Note that in a red-green block transmission, the red-part data does
NOT convey any urgency or higher-priority semantics relative to the
block's green-part data; the red-part data is merely intended to
carry imperative meta-data without which green-part data reception is
likely to be futile.
3.4 Laconic Acknowledgment
Another respect in which LTP differs from TCP is that, while TCP
connections are bidirectional (blocks of application data may be
flowing in both directions on any single connection), LTP sessions
are unidirectional. This design decision derives from the fact that
the flow of data in deep space flight missions is usually
unidirectional. (Long round trip times make interactive spacecraft
operation infeasible, so spacecraft are largely autonomous and
command traffic is very light.)
One could imagine an LTP instance, upon being asked to transmit a
block of data, searching through all existing sessions in hopes of
finding one that was established upon reception of data from the new
block's destination; transmission of the new block could be
piggybacked on the acknowledgment traffic for that session. But the
prevailing unidirectionality of space data communications means that
such a search would frequently fail and a new unidirectional session
would have to be established anyway. Session bidirectionality
therefore seemed to entail somewhat greater complexity unmitigated by
any clear performance advantage, so we abandoned it. Bidirectional
data transfer is instead accomplished by opening two individual LTP
sessions.
Since they are not piggybacked on data segments, LTP data
acknowledgments - "reception reports" - are carried in a separate
segment type. To minimize consumption of low and asymmetric
transmission bandwidth in the IPN, these report segments are sent
infrequently; each one contains a comprehensive report of all data
received within some specified range of offsets from the start of the
transmitted block. The expectation is that most data segments will
arrive safely, so individual acknowledgment of each one would be
expensive in information-theoretical terms: the real information
Burleigh et al. Expires - March 2007 [Page 11]

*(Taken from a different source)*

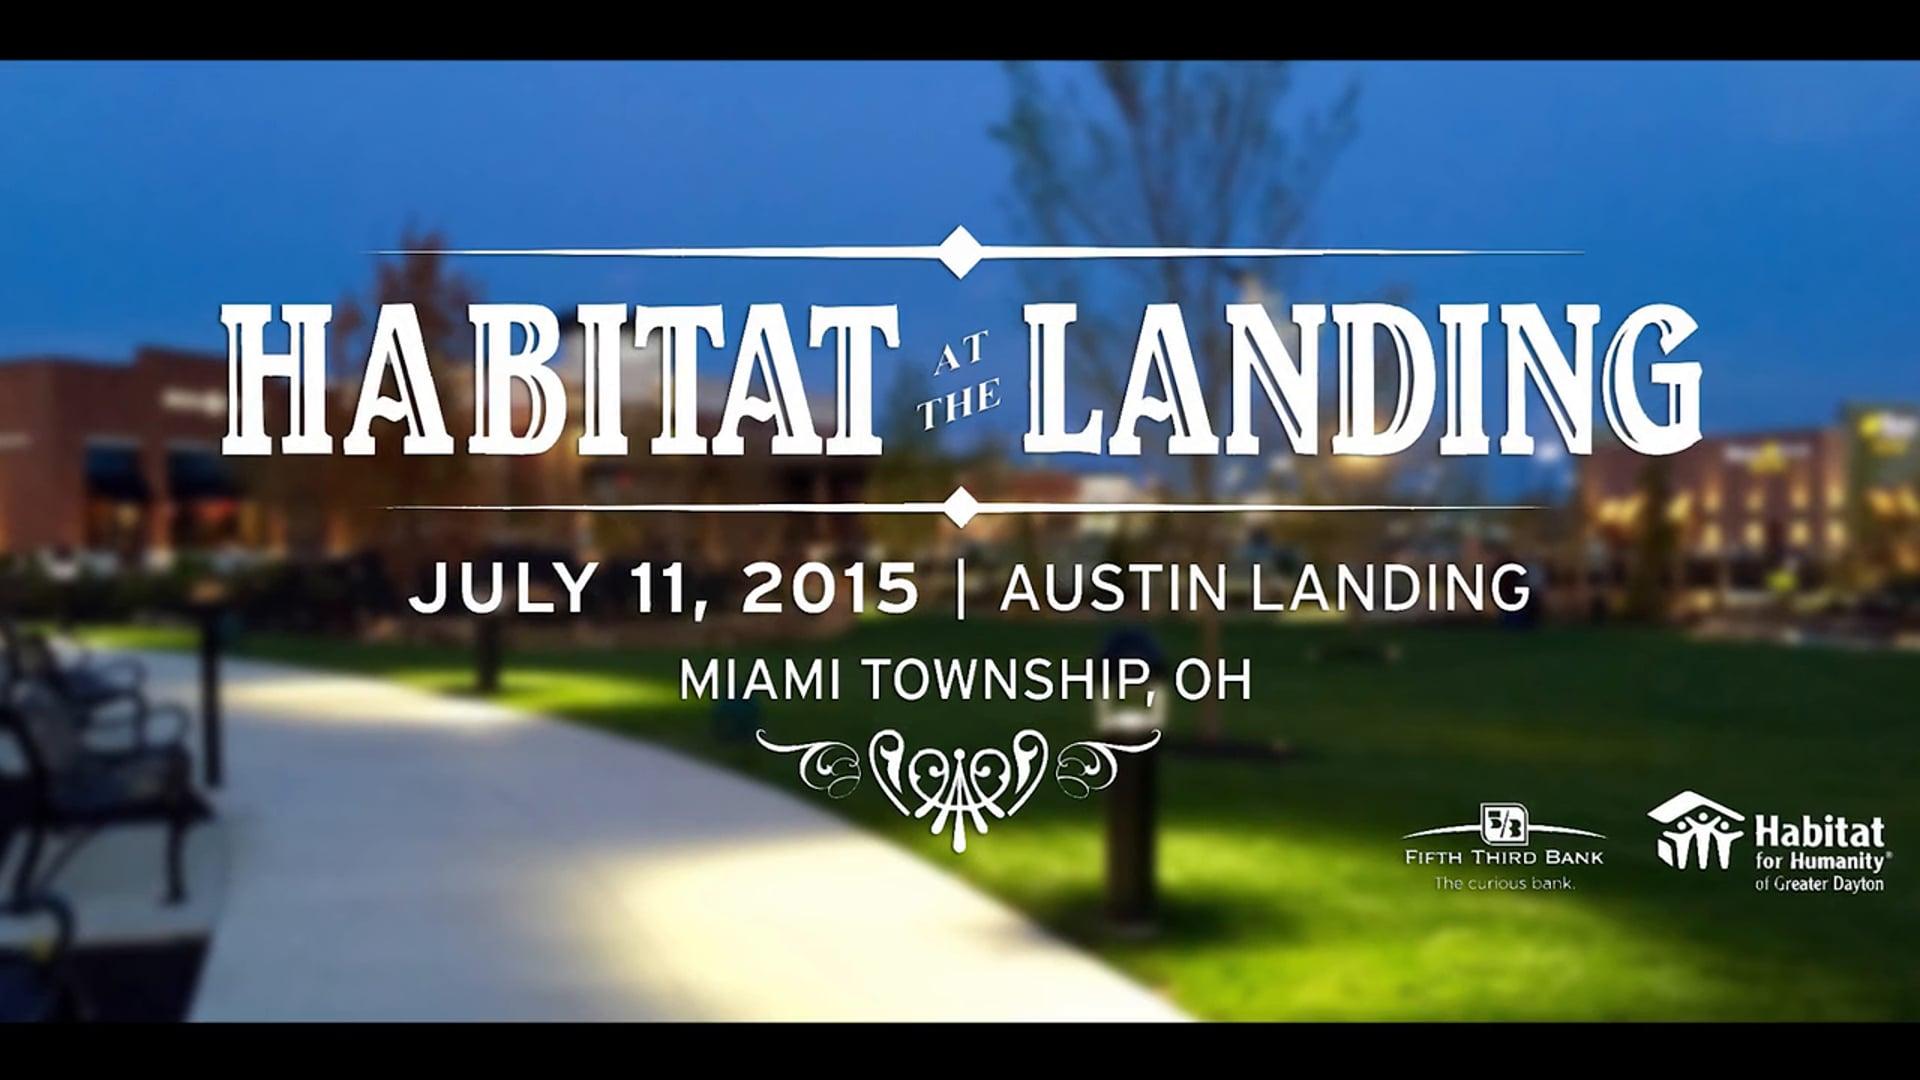 Habitat at the Landing 2015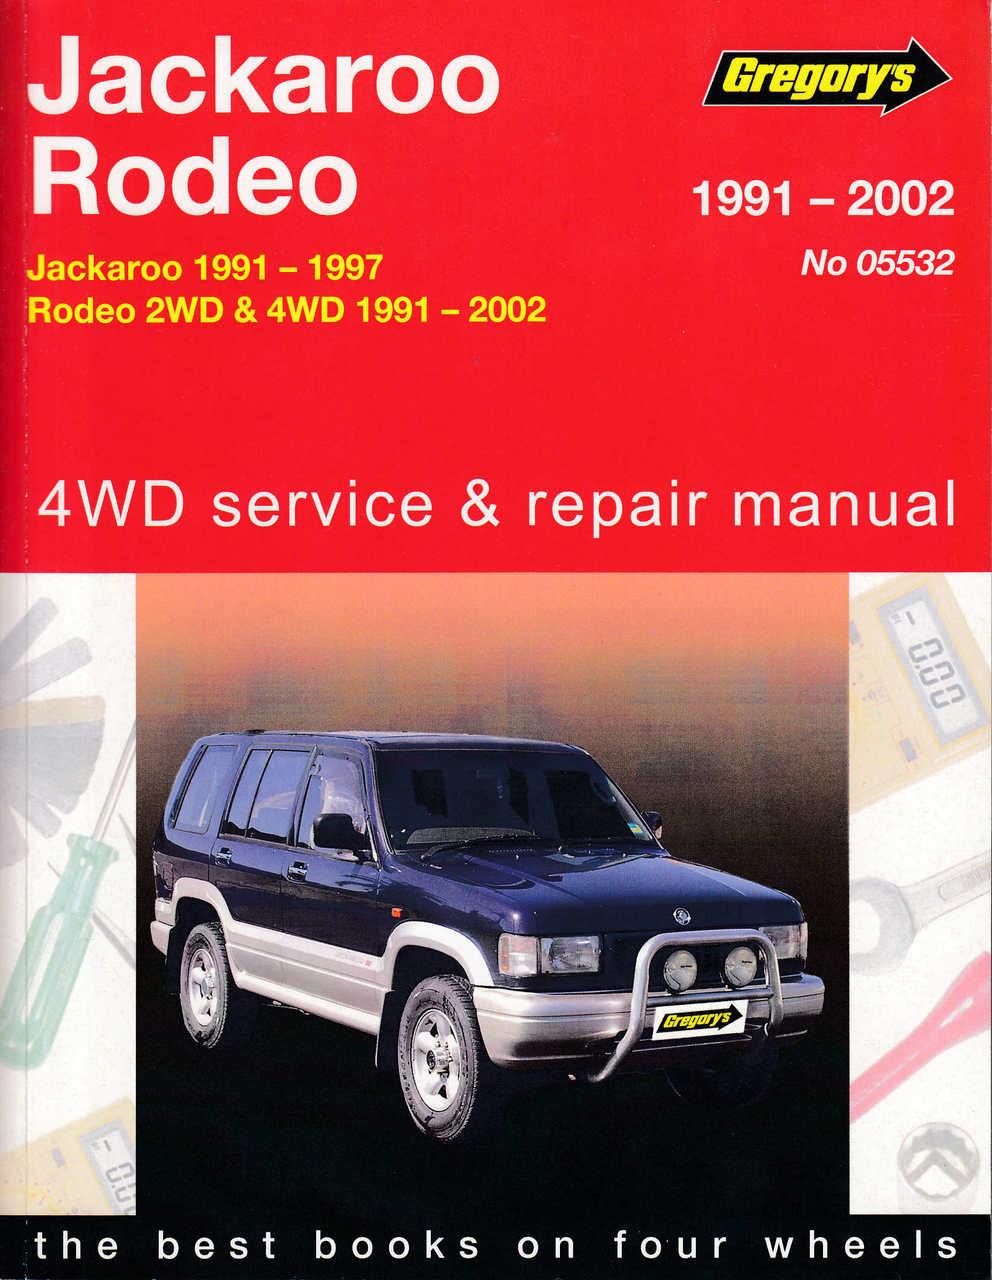 holden jackaroo and holden rodeo 1991 2002 workshop manual rh automotobookshop com au Holden Rodeo 4x4 1997 Holden Rodeo

Internet Draft LTP - Motivation September 2006
provided per byte of acknowledgment data transmitted would be very
small. Instead, report segments are normally sent only upon
encountering explicit solicitations for reception reports -
"checkpoints" - in the sequence of incoming data segments.
The aggregate nature of reception reports gives LTP transmission an
episodic character:
o "Original transmissions" are sequences of data segments issued
in response to transmission requests from client services.
o "Retransmissions" are sequences of data segments issued in
response to the arrival of report segments that indicate
incomplete reception.
Checkpoints are mandatory only at the end of the red-part of each
original transmission and at the end of each retransmission. For
applications that require accelerated retransmission (and can afford
the additional bandwidth consumption entailed), reception reporting
can be more aggressive. Additional checkpoints may optionally be
inserted at other points in the red-part of an original transmission,
and additional reception reports may optionally be sent on an
asynchronous basis during reception of the red-part of an original
transmission.
3.5 Adjacency
TCP reliability is "end to end": traffic between two TCP endpoints
may traverse any number of intermediate network nodes, and two
successively transmitted segments may travel by entirely different
routes to reach the same destination. The underlying IP network-
layer protocol accomplishes this routing. Although TCP always
delivers data segments to any single port in order and without gaps,
the IP datagrams delivered to TCP itself may not arrive in the order
in which they were transmitted.
In contrast, LTP is a protocol for "point to point" reliability on a
single link: traffic between two LTP engines is expected not to
traverse any intermediate relays. Point-to-point topology is innate
in the nature of deep space communication, which is simply the
exchange of radiation between two mutually visible antennae. No
underlying network infrastructure is presumed, so no underlying
network-layer protocol activity is expected; the underlying
communication service is assumed to be a point-to-point link-layer
protocol such as CCSDS Telemetry/Telecommand [TM][TC] (or, for
terrestrial applications, PPP). The contents of link-layer frames
delivered to LTP are always expected to arrive in the order in which
they were transmitted, though possibly with any number of gaps due to
Burleigh et al. Expires - March 2007 [Page 12]
Internet Draft LTP - Motivation September 2006
data loss or corruption.
Note that building an interplanetary network infrastructure - the
DTN-based architecture of the IPN - *on top of* LTP does not conflict
with LTP design principles. Bundling functions as an overlay network
protocol, and LTP bears essentially the same relationship to Bundling
that a reliable link protocol (for example, the ARQ capabilities of
LLC) would bear to IP.
The design of LTP relies heavily on this topological premise, in at
least two ways:
If two successively transmitted segments could travel by
materially different routes to reach the same destination, then
the assumption of rough determinism in timeout interval
computation discussed below would not hold. Our inability to
estimate timeout intervals with any accuracy would severely
compromise performance; while spurious timeouts cause redundant
retransmissions wasting precious bandwidth, overly conservative
timeout intervals delay loss recovery.
If data arrived at an LTP engine out of transmission order, then
the assumptions based on which the rules for reception reporting
are designed would no longer hold. A more complex and/or less
efficient retransmission mechanism would be needed.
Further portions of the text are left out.